43 Essentially the same test has been applied in the United Kingdom. In Zavod Ekran OAO v Magneco Metrel UK Ltd [2017] EWHC 2208 (Comm) at [12]:
"proper notice"…is an aspect of the wider notion that the party contesting enforcement was unable to present its case (Merkin, Arbitration Law, s19.53), so that lack of proper notice suggests some unfairness (Russell on Arbitration, 24th edn, s8-040: and see generally, Minmetals Germany GmbH v Ferco Steel Ltd [1999] 1 AII ER (Comm) 315 at 327; Irvani v Irvani [2000] 1 Lloyd's Rep 412 at 426, Kanoria v Guinness [2006] 1 Lloyd's Rep 701 at [23]). In the context of s 103(2)(c) Arbitration Act 1996, "proper notice" is such as is likely to bring the relevant information to the attention of the person notified, taking account of the parties' contractual dispute resolution mechanism, including any applicable institutional arbitration rules. In this sense, notice is treated by the court as a question of fact (as in LKT Industrial Berhad (Malaysia) v Chun [2004] NSWSC 820), the onus of proof being on the party raising it as a ground of refusal of enforcement of the ward, as expressly specified in s 103(2) Arbitration Act 1996.
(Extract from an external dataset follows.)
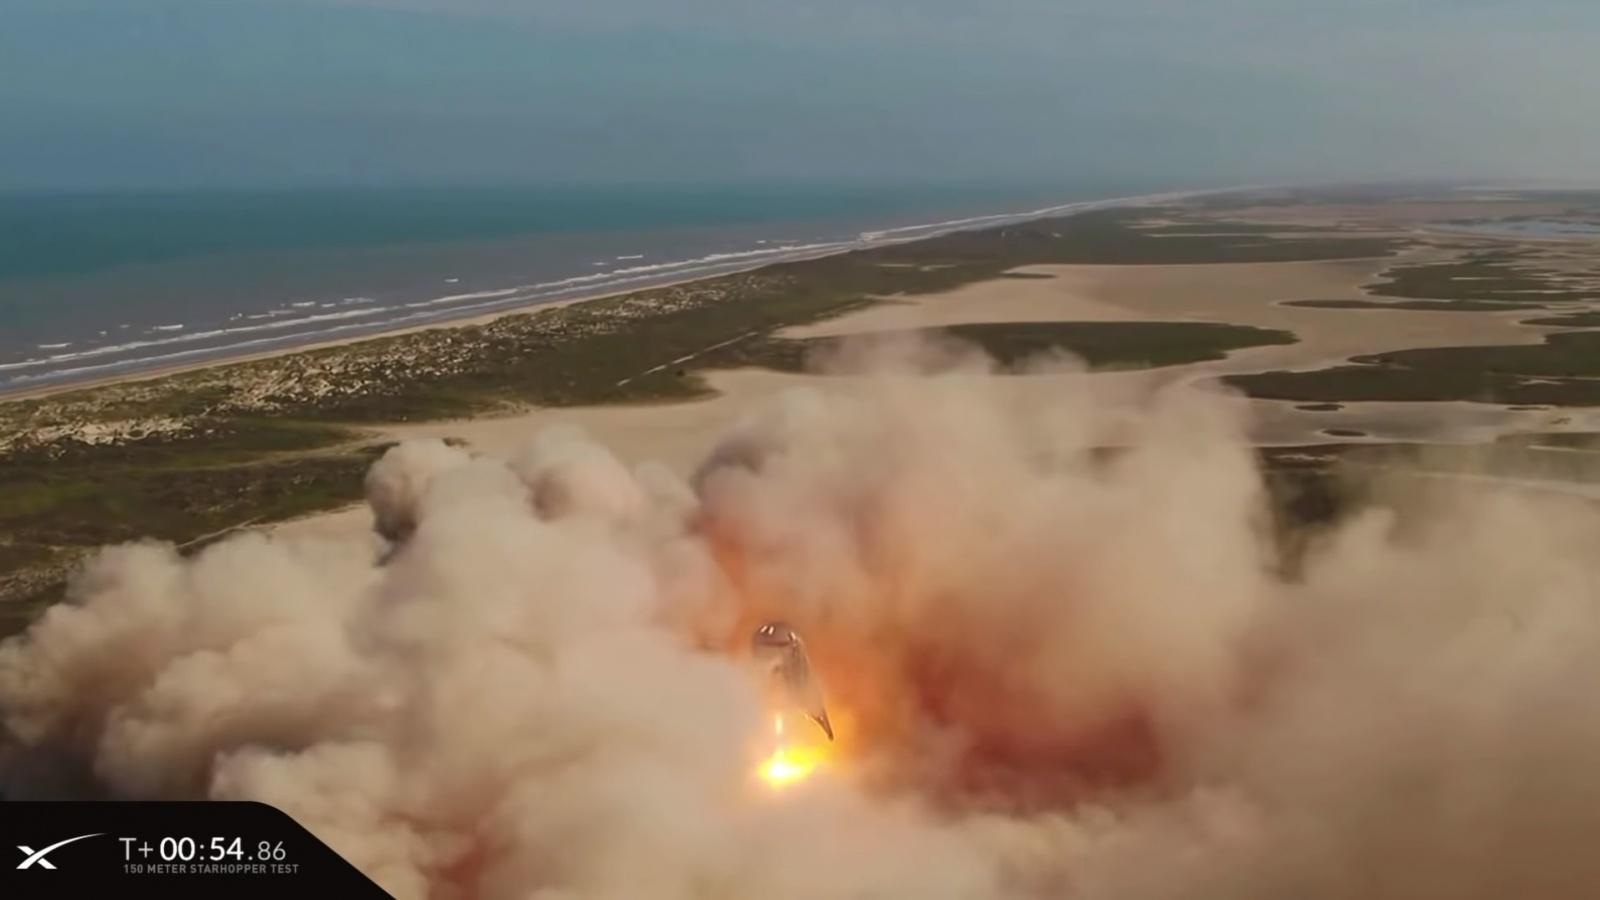 SpaceX провела летные испытания прототипа ракеты Starship — взлет на высоту 150 метров и мягкая посадка на площадку - 9

44 This approach recognises that the proper notice ground for objection under s 8(5)(c) of the IAA is, in essence, a matter of procedural fairness. In this regard, it is no different from the separate ground in s 8(7)(b) of the IAA, read with sub-s (7A)(b), under which the court may refuse to enforce a foreign award where a breach of the rules of natural justice occurred such that it would be contrary to public policy to do otherwise. There is an obvious link between proper notice and the ability of a party to present its case, involving rules of natural justice and public policy.